Je reconnais que ça peut sembler un peu trop dithyrambique mais honnêtement, j'ai beau chercher je n'ai aucun point négatif à relever. Vraiment aucun, parce que tout est justifié d'une manière ou d'une autre.
(Enfin, si je peux bien faire une toute petite critique, c'est sur le fait que la frontière entre la réalité et le symbole soit si fine que ça peut parfois être un peu difficile de saisir tous les éléments. Cela dit, je ne sais pas si le problème vient davantage de la densité de l'oeuvre ou juste de moi, et dans tous les cas les idées les plus importantes sont claires (surtout grâce au final), en réalité les éléments plus flous concernent des détails qui n'impactent pas le message de l'oeuvre, du moins pas dans les grandes lignes, mais c'est à souligner quand même.)
Ah et j'ai oublié de parler plus en détail des chansons ! Encore une fois, on n'est pas dans du Broadway, d'ailleurs la majorité des numéros sont diégétiques ce qui détonne déjà de la comédie musicale classique, et toutes les chansons ne sont pas forcément exceptionnelles mais elles servent toutes le propos d'une manière ou d'une autre avec plusieurs degrés de lecture, et il y en a quand même pas mal d'excellentes (Willkommen, Mein Herr, If You Could See Her, I Don't Care Much, Life is a Cabaret...) !
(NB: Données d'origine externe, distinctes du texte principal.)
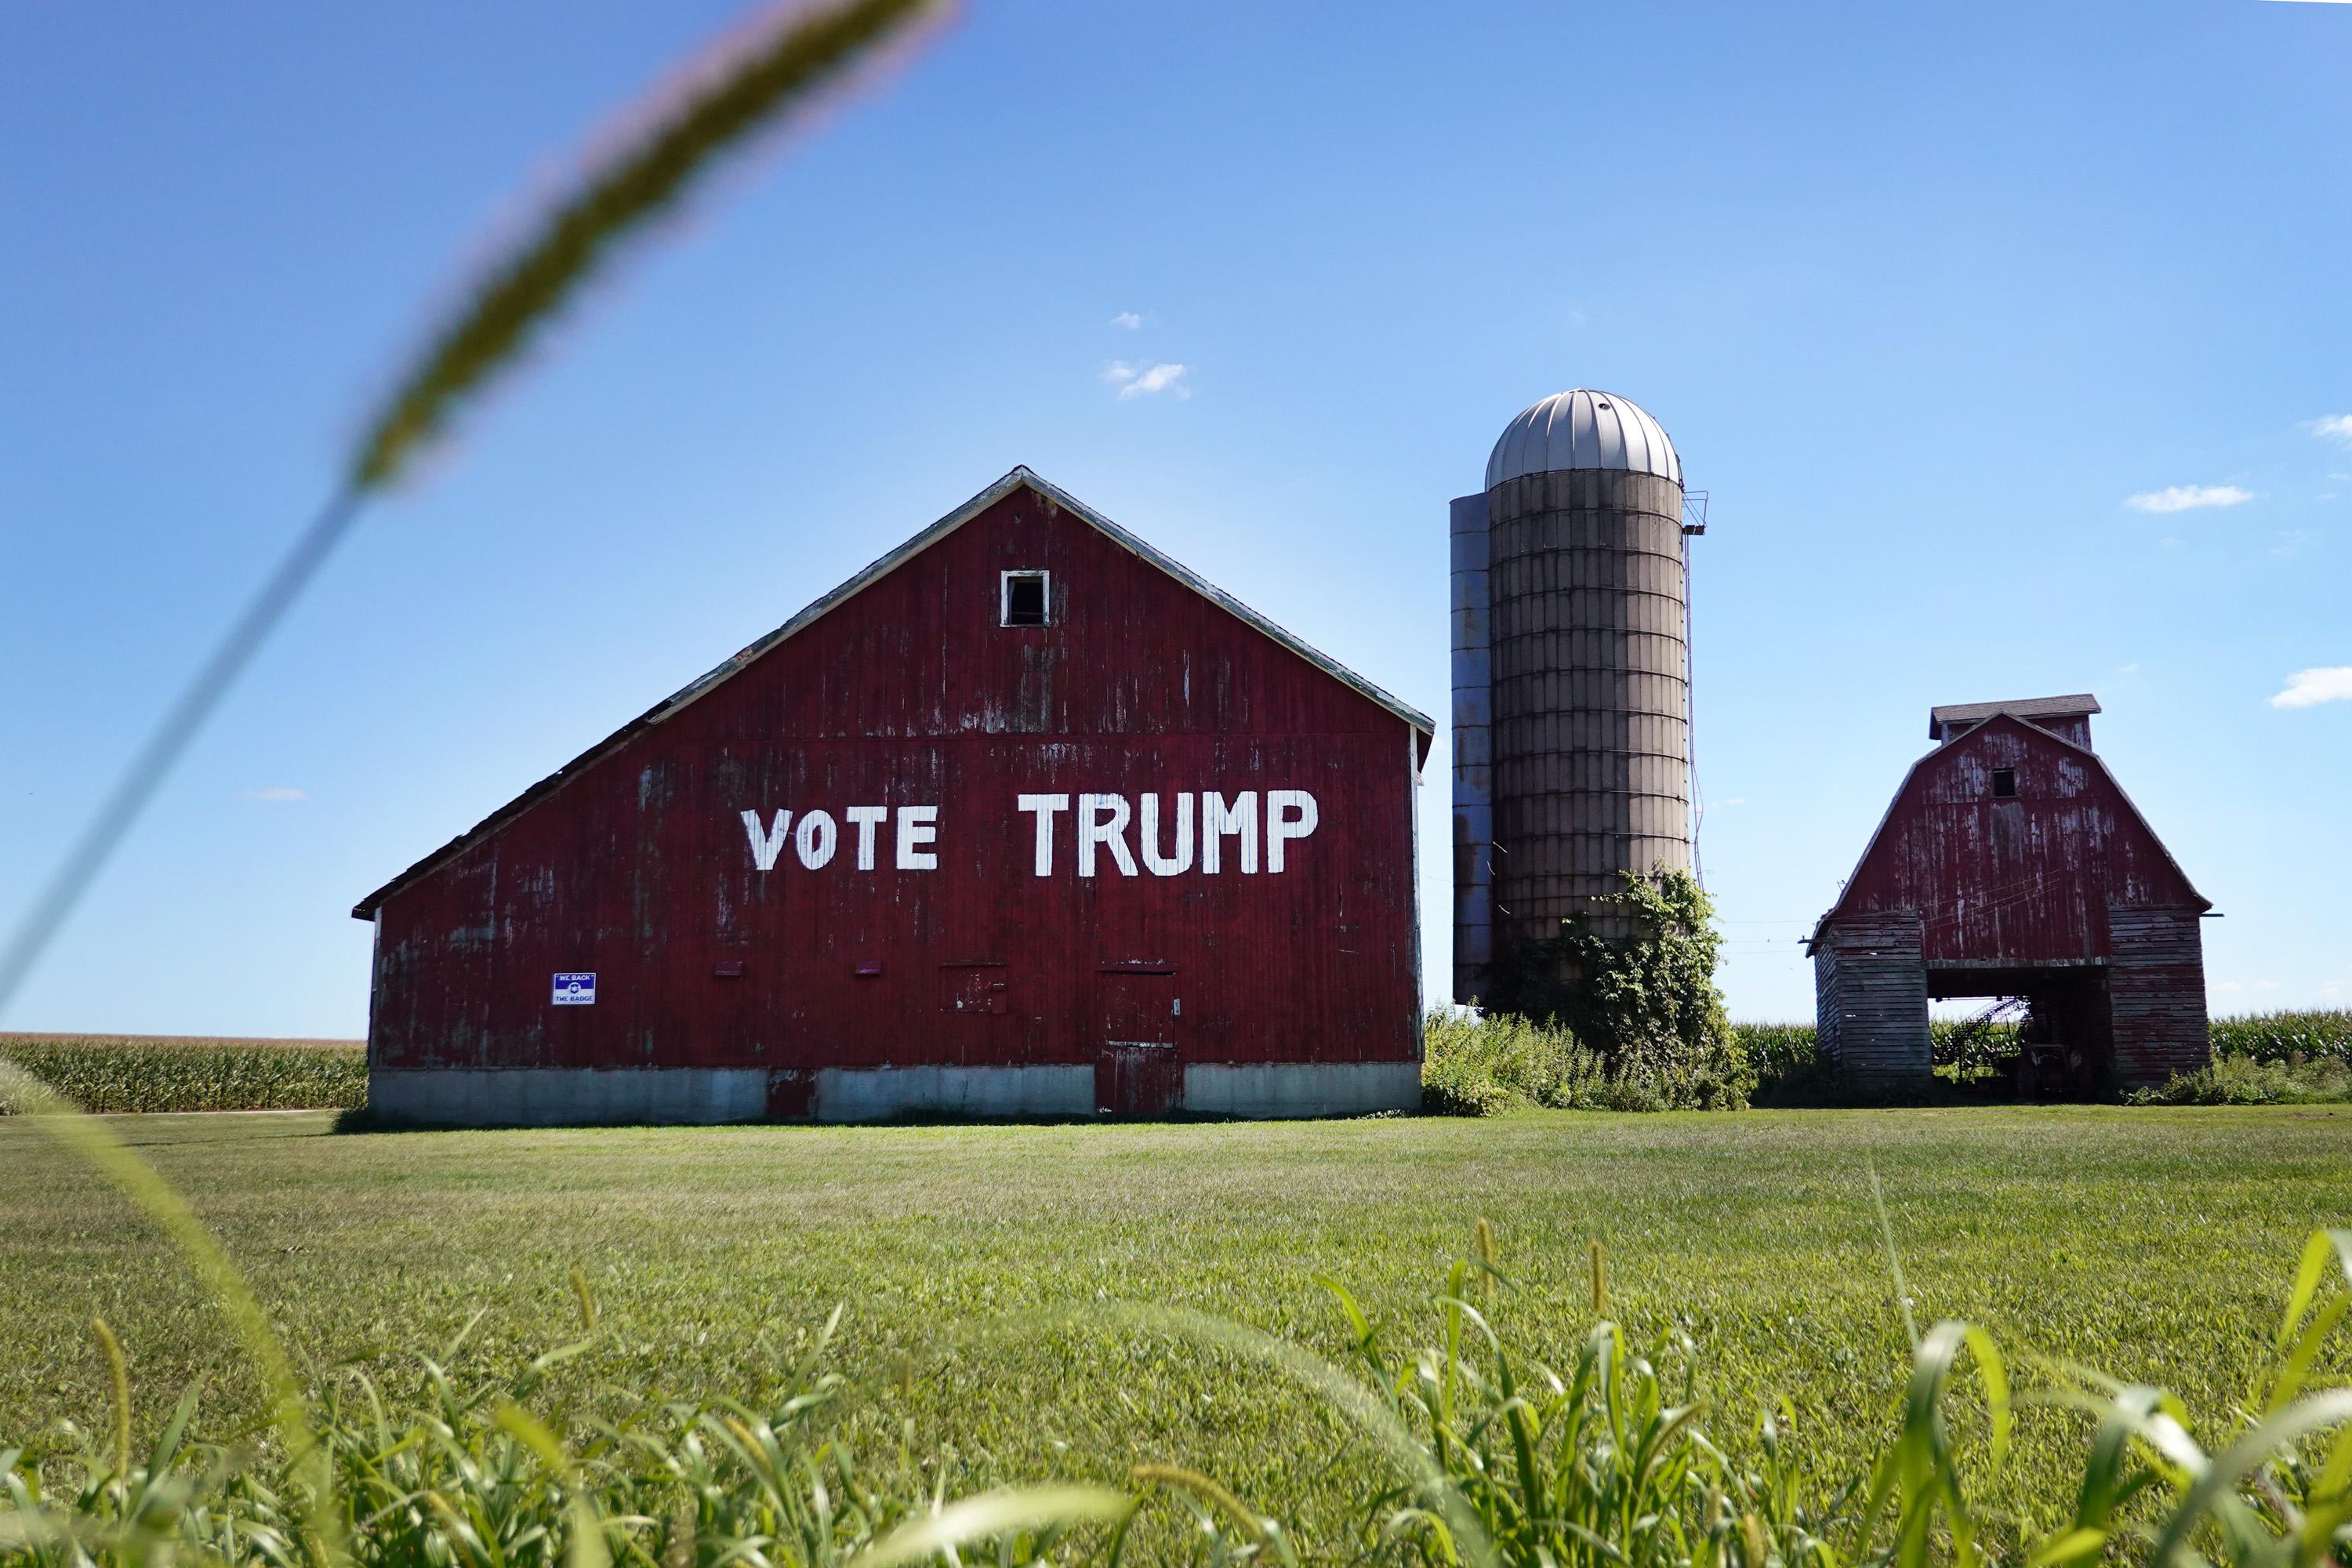 A red barn with "Vote Trump" painted on it near Clinton, Wisconsin. The barn stands next to a silo amid green grass on a sunny day.

Ah oui et PS : Je n'ai pas (encore) vu la célèbre version de Bob Fosse (juste 2-3 extraits) donc je ne peux pas comparer, mais de ce que je sais, ne vous attendez pas à retrouver l'esprit de Fosse ici. Même si cette adaptation en reprend certains codes, dans l'ensemble c'est une version complètement indépendante du film, plus sombre et ouvertement politisée, avec même des personnages différents mis à part Sally et l'Emcee (qui sont eux-mêmes très différents dans ces deux versions, en particulier l'Emcee de ce que j'ai pu voir). Donc ne vous étonnez pas, ce n'est pas une adaptation scénique du film.